Finally, one of them asked, “So, what’s the biggest challenge?”  I remember that I didn’t have to think long or hard before I answered.  “Well,” I said, ‘I suppose it’s how dark and quiet the nights are.  It’s too quiet.  And it’s disconcerting.  
 
You see, I had spent more than two decades in the city that never sleep, and is never completely quiet, and is certainly never completely dark.  And I had lived in large apartment buildings constantly surrounded by other people and the sounds of their lives.  
 
I told them about how our house made strange noises at night as it settled.  There were odd creaks and groans and sometimes pops and bangs that spooked me.  And there were wild animals, I told them, just outside the door.
 
Six years and one month later, I have long lost my fear of living “in the country.”  But I am still afraid.  I have just traded one fear for another.  Because there is always something to be afraid of; always something I cannot control; always something lurking out there… like a wild beast.  
 
Maybe you never considered that a minister, of all people, struggles with fear.  But we do – because we’re human.  And we know, from the experience of pastoral ministry, that our faith is not some kind of talisman that protects us from all those things that go bump in the night.  And we know that we can believe all the right things and do all the right things and love Jesus with our whole hearts… and still get sick.  We can still lose our jobs.  Relationships can still collapse.  Age is still unrelenting.  Death is still inevitable -– even though we pray and hope and believe.  
 
Which, of course, begs the question: why, exactly, do we pray?  And what can we hope for when we do?  
 
The Gospel of Mark is the oldest and the shortest of the four Gospels.  It is spare and sparse and to the point.  And Mark loves the word “immediately.”  He has Jesus rushing from one event to another with hardly a breath in between.  Take, for example, his telling of the Temptation of Jesus.  It takes all of two verses!  
 
This story is always heard on the first Sunday in Lent, because the symbolism is too rich to ignore.  Jesus was tempted for 40 days.  And our Lenten journey is 40 days long.  Jesus faced his mortality in the wilderness.  And in Lent, we face our own with the words: “Remember that you are dust and to dust you shall return.”  Jesus was tempted to find ultimate comfort in the material world.  And in Lent, we seek to be more conscious of our treasures in heaven.  
 
Mark’s temptation account starts with the baptism of Jesus - a dramatic event during which the heavens are ripped in two and the Spirit descended like a dove.  Then the voice of God announced that Jesus was the Beloved Son, with whom God was well pleased.  This was a moment of pure joy and clarity and purpose.
 
But that moment of joy didn’t last long, because Mark reports that immediately afterwards, the Spirit drove Jesus into the wilderness.  This was not some gentle invitation by a gentle Holy Spirit.  The verb here implies that Jesus was thrown out into or cast out into the wilderness.  The implication was that it was all involuntary… which sounds oddly familiar of those times in our lives when we are thrust into an experience of suffering.  It is often sudden and against our wills.  
 
Because Mark’s account is only two verses long, his telling of the Temptation of Jesus lacks all the details we have come to know about what Satan said to Jesus and how Jesus responded to each temptation.  But Mark adds a unique detail, not found in any other Gospel.  All the gospel writers mention angels coming to minister to Jesus, but Mark alone adds this intriguing tidbit: “and he was with the wild beasts; and the angels waited on him.”
 
In the entire New Testament, the wild beasts are only mentioned two other times.  And each time they are, the implication is that they are deadly and dangerous.  So, imagine Jesus in the middle of the night, out in the country, hearing the panting in the darkness and rustling in the bushes and seeing the glowing eyes that watched him as he prayed.  
 
And here’s something else.  In the other Gospels, the angels only arrive at the end of Christ’s Temptation.  They are his reward for a job well done.
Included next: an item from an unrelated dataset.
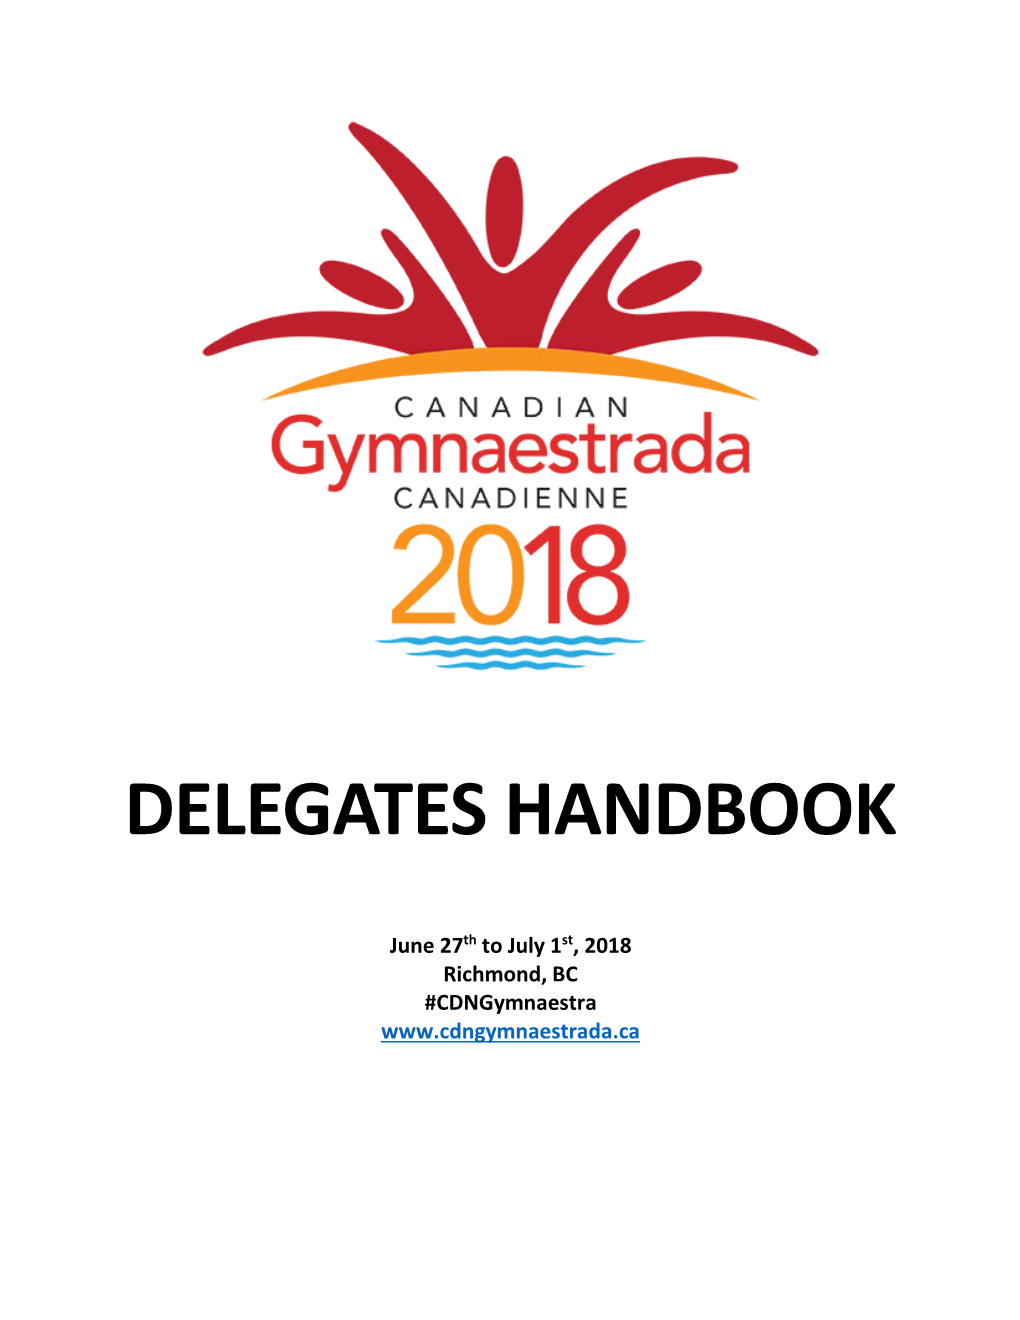 Delegates Handbook
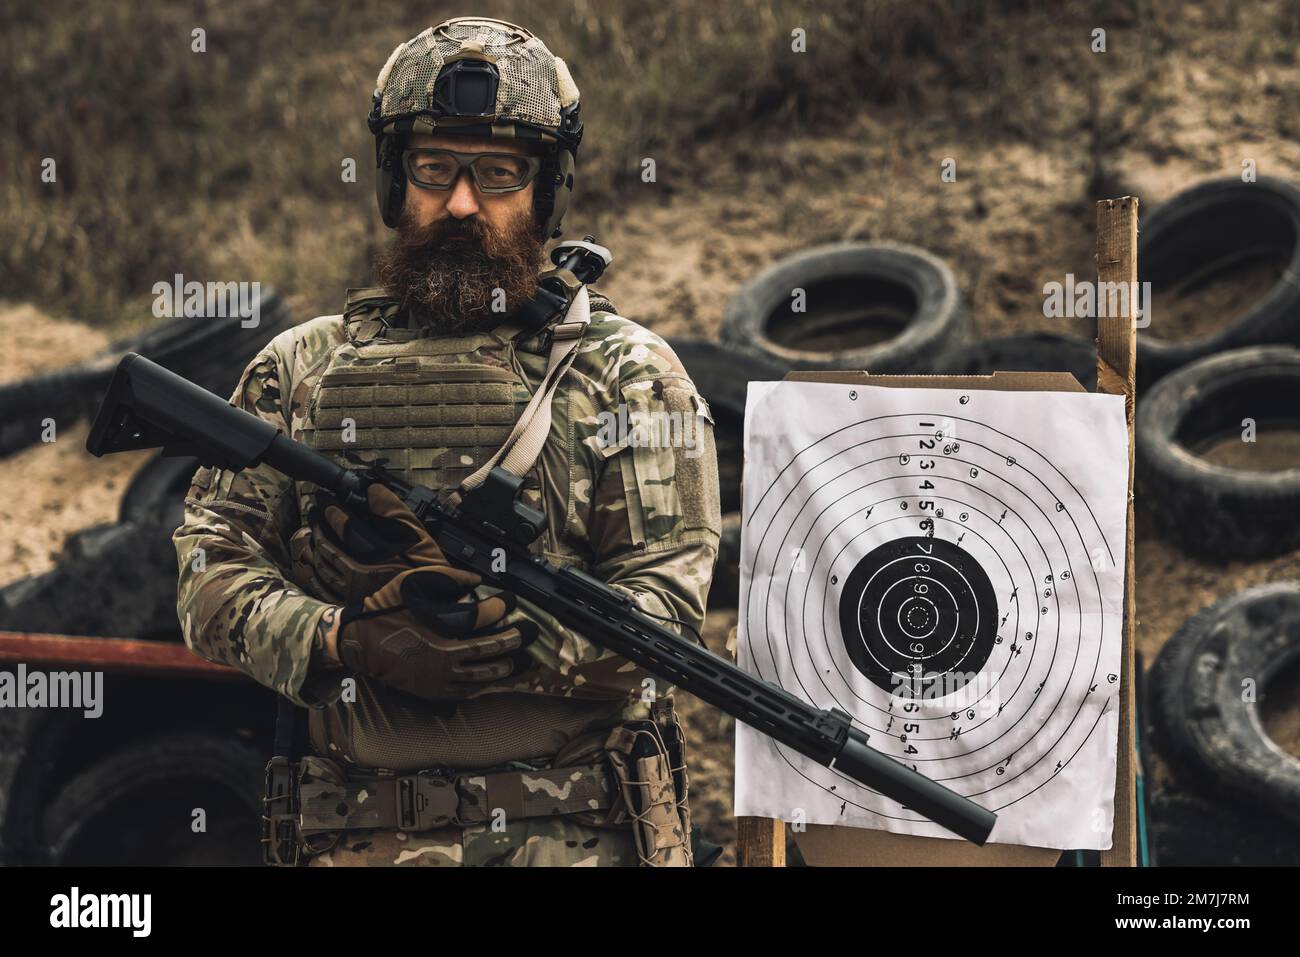 Soldat mûr debout près de la cible de tir avec le fusil dans les mains Banque D'Images

But in Mark, there is no sense of a strict chronology.  Mark puts the angels and the wild beast together, in one place and at the same time: “… he was with the wild beasts; and the angels waited on him.”  
 
The wilderness of our lives – it is the natural habitat of wild beasts.  And it is the habitat of the angels of the Lord.  Wild beasts and angels, fear and grace, want and plenty: they all live side-by-side.  That is our experience of life.  And that is our experience of faith.  
 
The great preacher Otis Moss, Senior Minister of Trinity United Church of Christ in Chicago, a largely African American megachurch, tells a story that his father, another pastor, used to tell.   One day his father asked one of his elderly parishioners: “How are you doing today, Mother?  To which the woman replied: “Well, pastor, I’m living somewhere between ‘O Lord’ and ‘Thank you Jesus!’”  In other words, between the wild beasts and the angels.
 
Our lives are not neatly divided between good days and bad days.  They are simply the days of our lives – messy and precious; complicated and holy.  
 
And Lent is about embracing that dichotomy.  Lent is about facing the beasts so that we might know something of the angels.  Because the angels always come when we need them most.  They come with extraordinary kindness when we are sick.  They comfort us when we are confused.  They are a hand on our shoulders or a gentle hug or a shared tear.  And every now and again, the angelic presence is so strong that they leave in their wake that peace that surpasses all human understanding.  
 
I wish I could tell you that you will always be rescued from the wild beasts.  But I can’t.  What I can tell you, however; what I can promise you on the authority of Gospel, is that you will never go to that dark and foreboding place alone.  There will always be angels there to minister to you.  And there will always be Jesus, who traveled this road before us.  
 
Thanks be to God.  Amen.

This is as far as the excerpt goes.